Well, the weather was real nice today and I had this urge to barbeque some ribs.  This was totally unplanned, but when you gotta' have ribs, you gotta have ribs!

My wife loves beef ribs, and I lean towards pork, so I decided to keep harmony in the house and did a rack of each.  The little market I bought the meat at didn't have pork spare ribs so I settled for baby backs.  My all time favorite rib is pork spare ribs, trimmed St. Louis style.

Here's how I cooked them:                                                
The first thing that I do is get my cooker warmed up.  I shoot for a temperature between 220 degrees and 240 degrees.  While I'm waiting I prep my ribs.  This includes any trimming, removing the thin membrane (silver skin) which is located on the backside of the ribs.  This is very important as I helps the flavors penetrate the meat more evenly.  All you need to do is get it started on the end or edge with a knife, wiggle a finger underneath and tear it off.  The hardest part is getting it started. 

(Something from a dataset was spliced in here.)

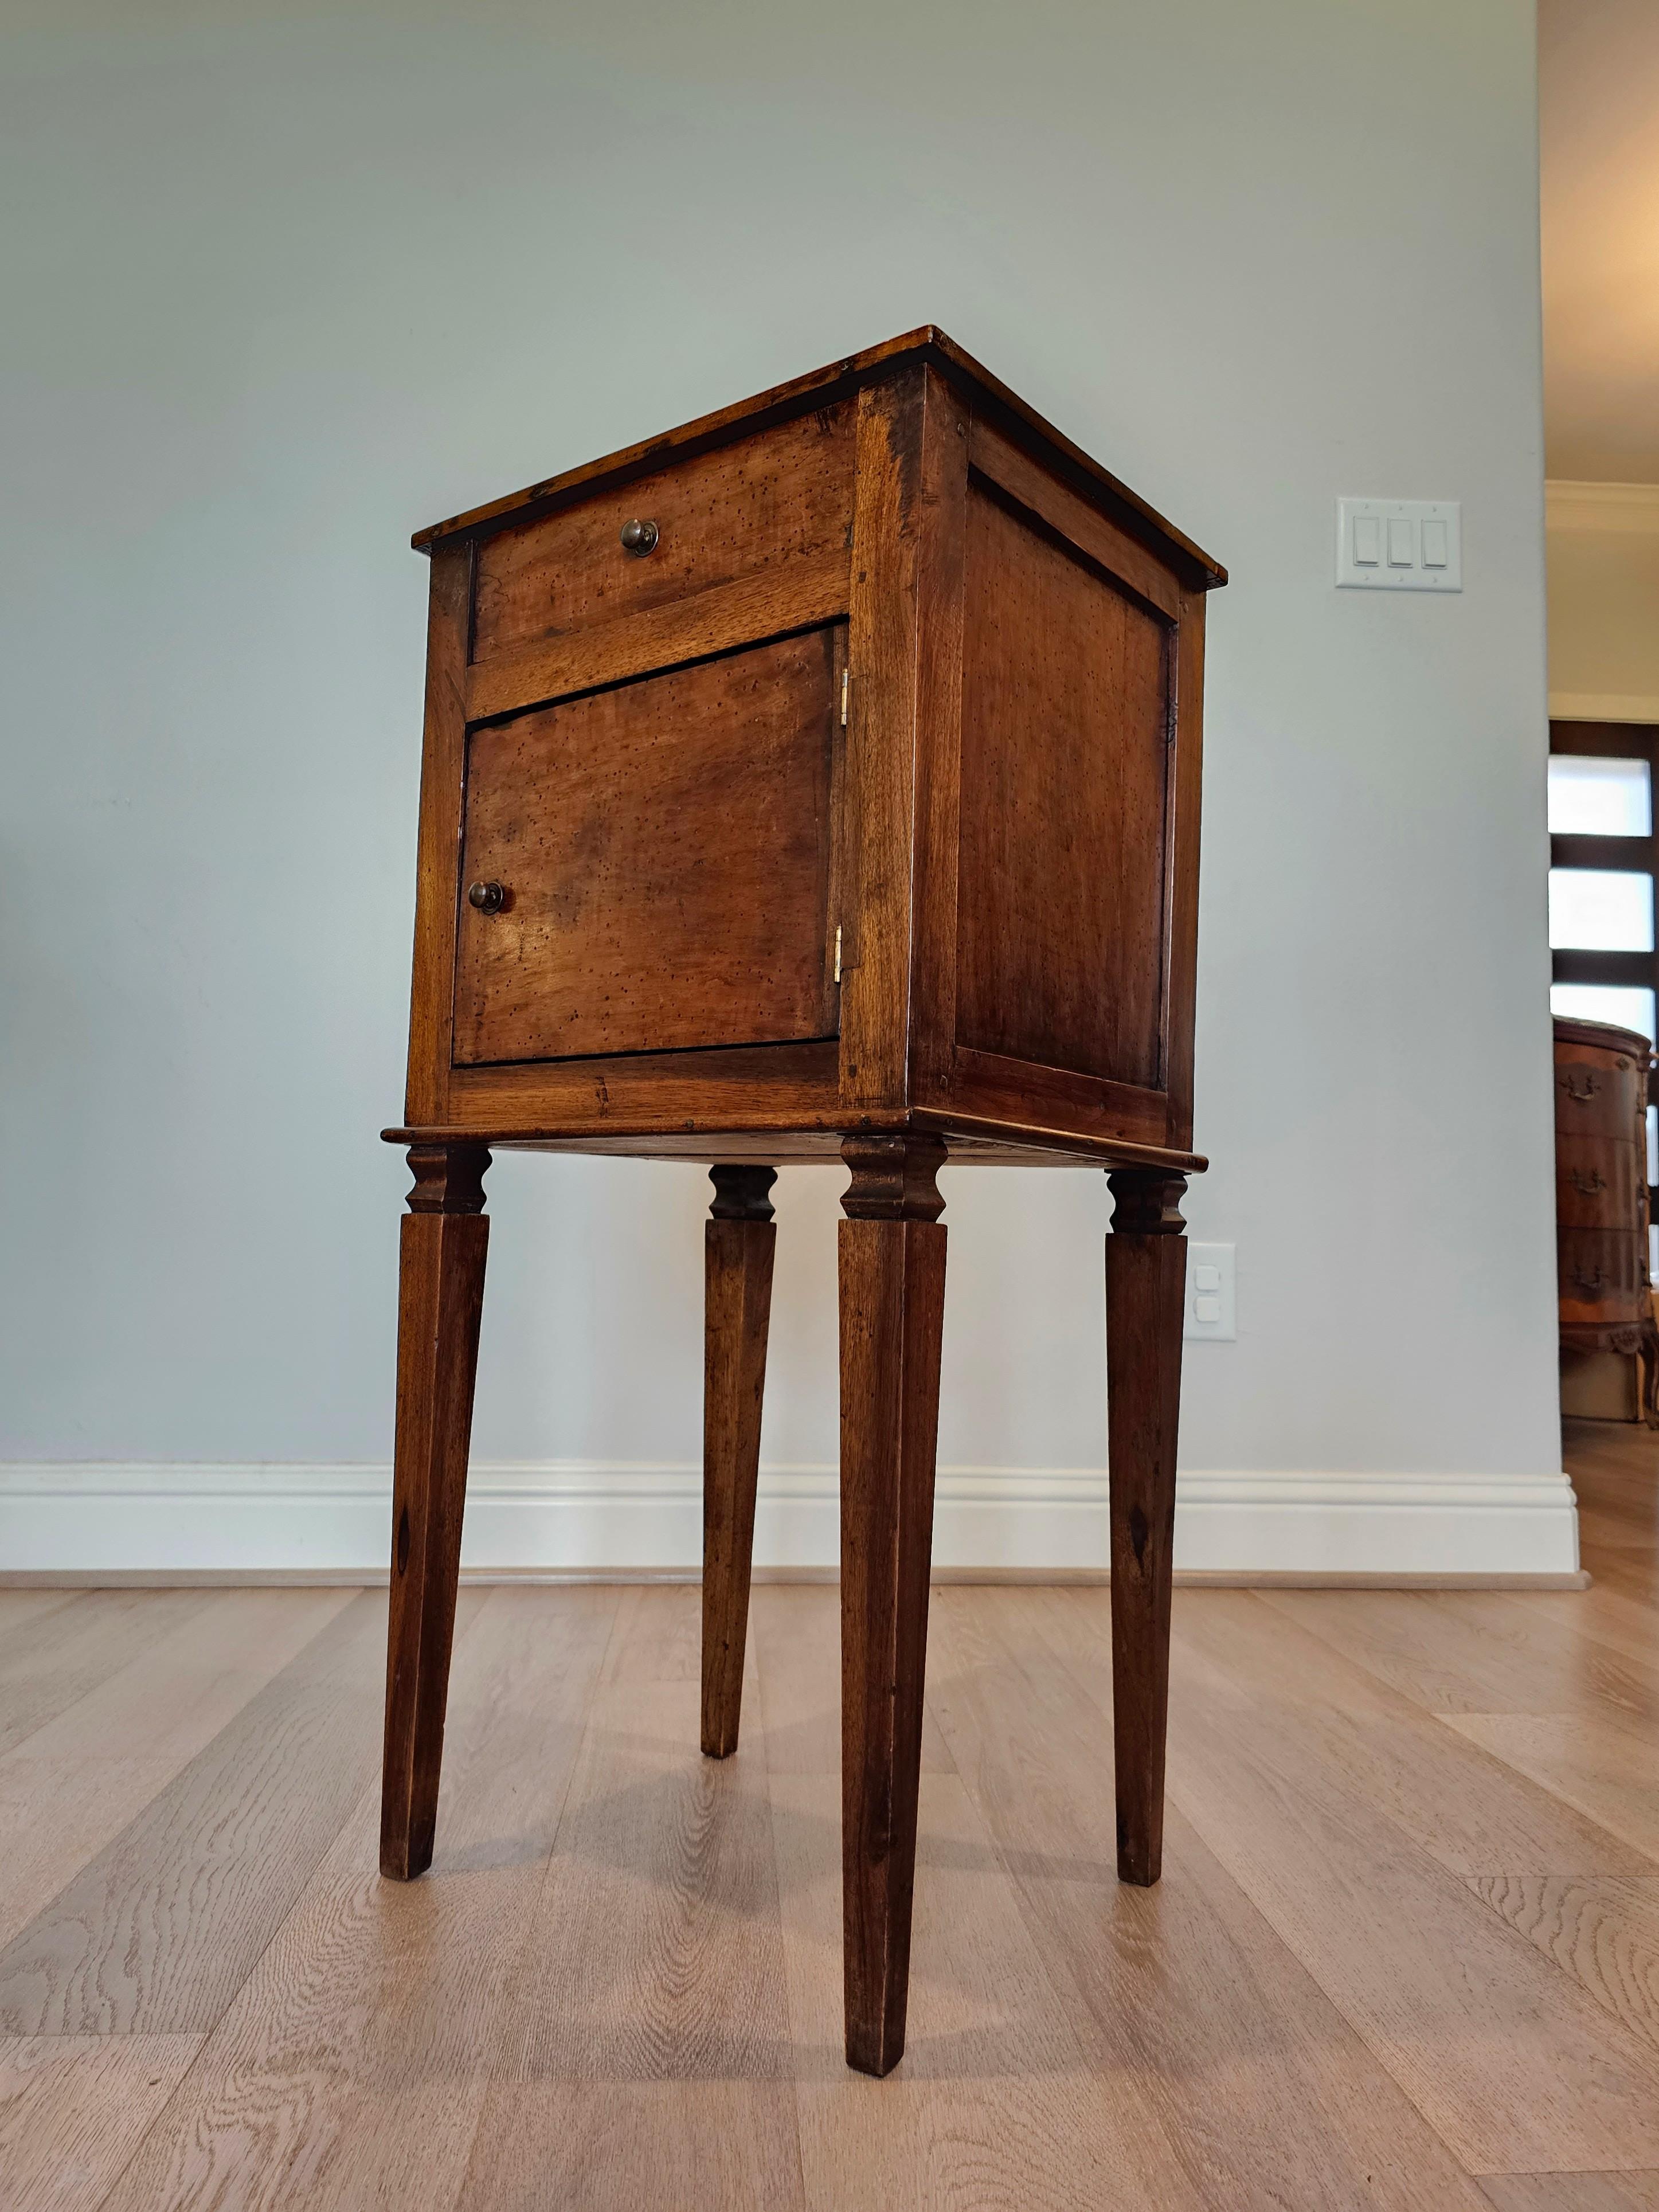 Neoclassical Revival 19th Century Italian Neoclassical Walnut Side Table Bedside Cabinet For Sale

Now, once my cooker is up to temp, I place the ribs in the cooking chamber bone side down.  I close the lid and add chunk wood to the firebox of my off-set cooker.  Try to avoid huge billowing lofts of smoke from your cooker.  What you want to see is a nice even stream of bluish smoke coming from your smoke stack.  If you have too much smoke, you run the risk of creosote forming which will create a very bitter taste.                                                                                                                                                                                                                                                For   this cook I'm using apple wood.  My all time favorite woods to cook with are apple, pecan and hickory.  Sometimes I'll mix my woods to add different layers of smoke flavor.  I'm going to smoke this ribs during the first three hours of the cooking process.  The key to a good smoked flavor is to keep the temperature as even as possible.  To master this you just need to practice, practice, practice the air mixture on you smoker.  I keep my stack fully opened and adjust the damper on the firebox.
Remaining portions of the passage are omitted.